Passage through the Suez Canal, one of the world’s busiest shipping arteries, has remained blocked after a large container ship ran aground on Tuesday. The incident could impact the smooth flow of freight between China and Europe and shore up the already high fees if it could not be solved in a timely manner, an analyst told the Global Times.

The container ship stranded in the Suez Canal for more than a day has been partially refloated and traffic is expected to resume soon, port agent GAC said on Wednesday.

The incident already created long bottleneck on the waterway stopping dozens of other vessels from passing, according to a BBC report.
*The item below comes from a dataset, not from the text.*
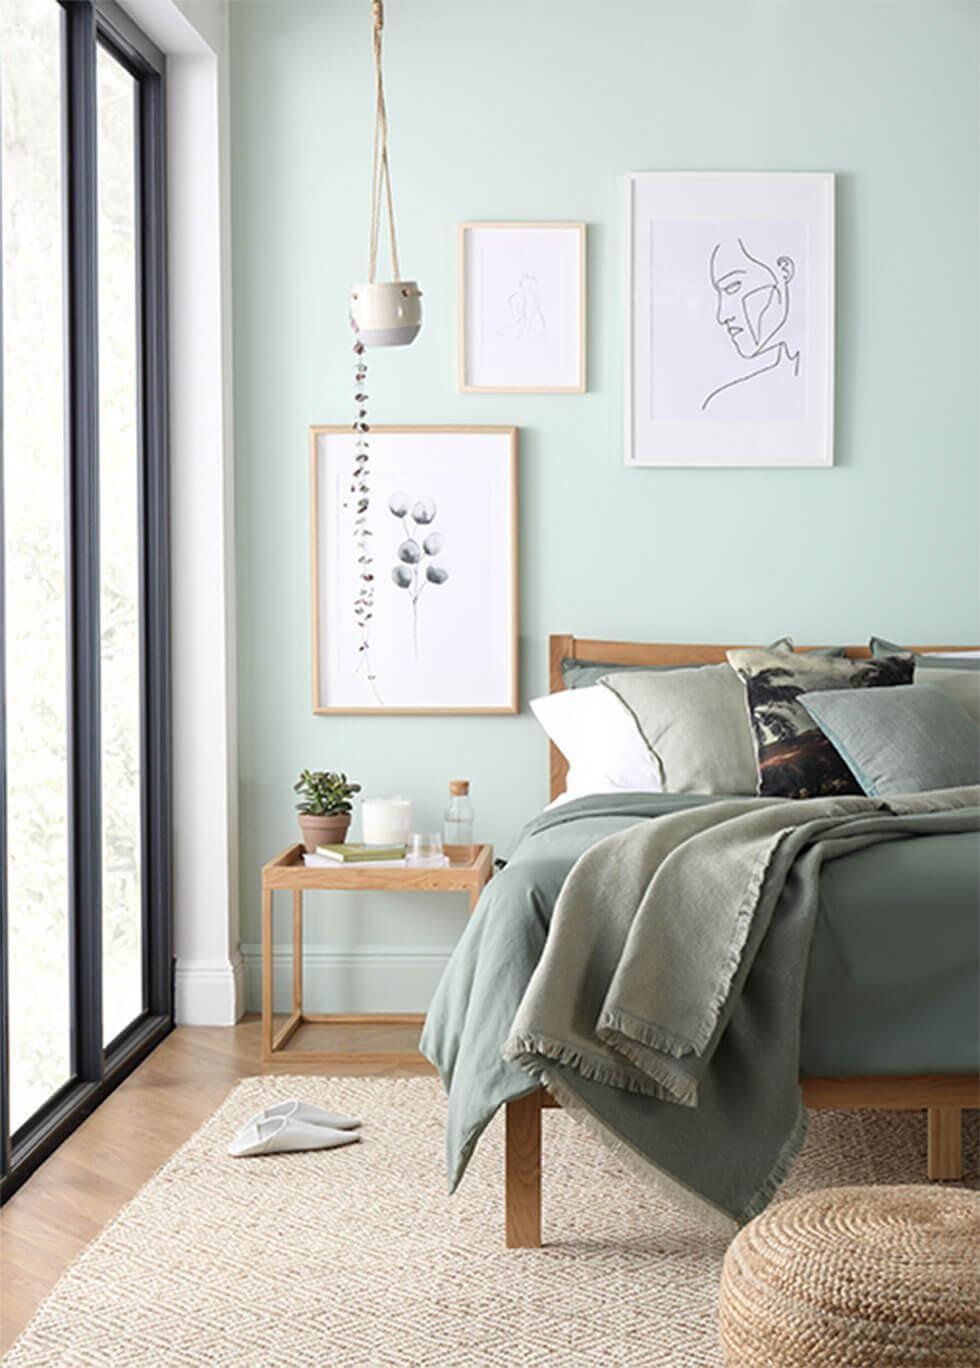 7 Ways To Make A Green Bedroom Look Good | Inspira

Tug boats and diggers are working to refloat the stranded ship.

There are different opinions about the reopening of the canal, from a few hours to a month. 

Wu Minghua, an independent shipping industry analyst from Shanghai, told the Global Times on Wednesday that it depends on how stuck it got. “Being stranded is not an unusual thing, and I think the Suez Canal Authority has accumulated rich experience on dealing with such situations,” said Wu.

He mentioned several previous cases that could take as long as a week or 10 days to clear incidents.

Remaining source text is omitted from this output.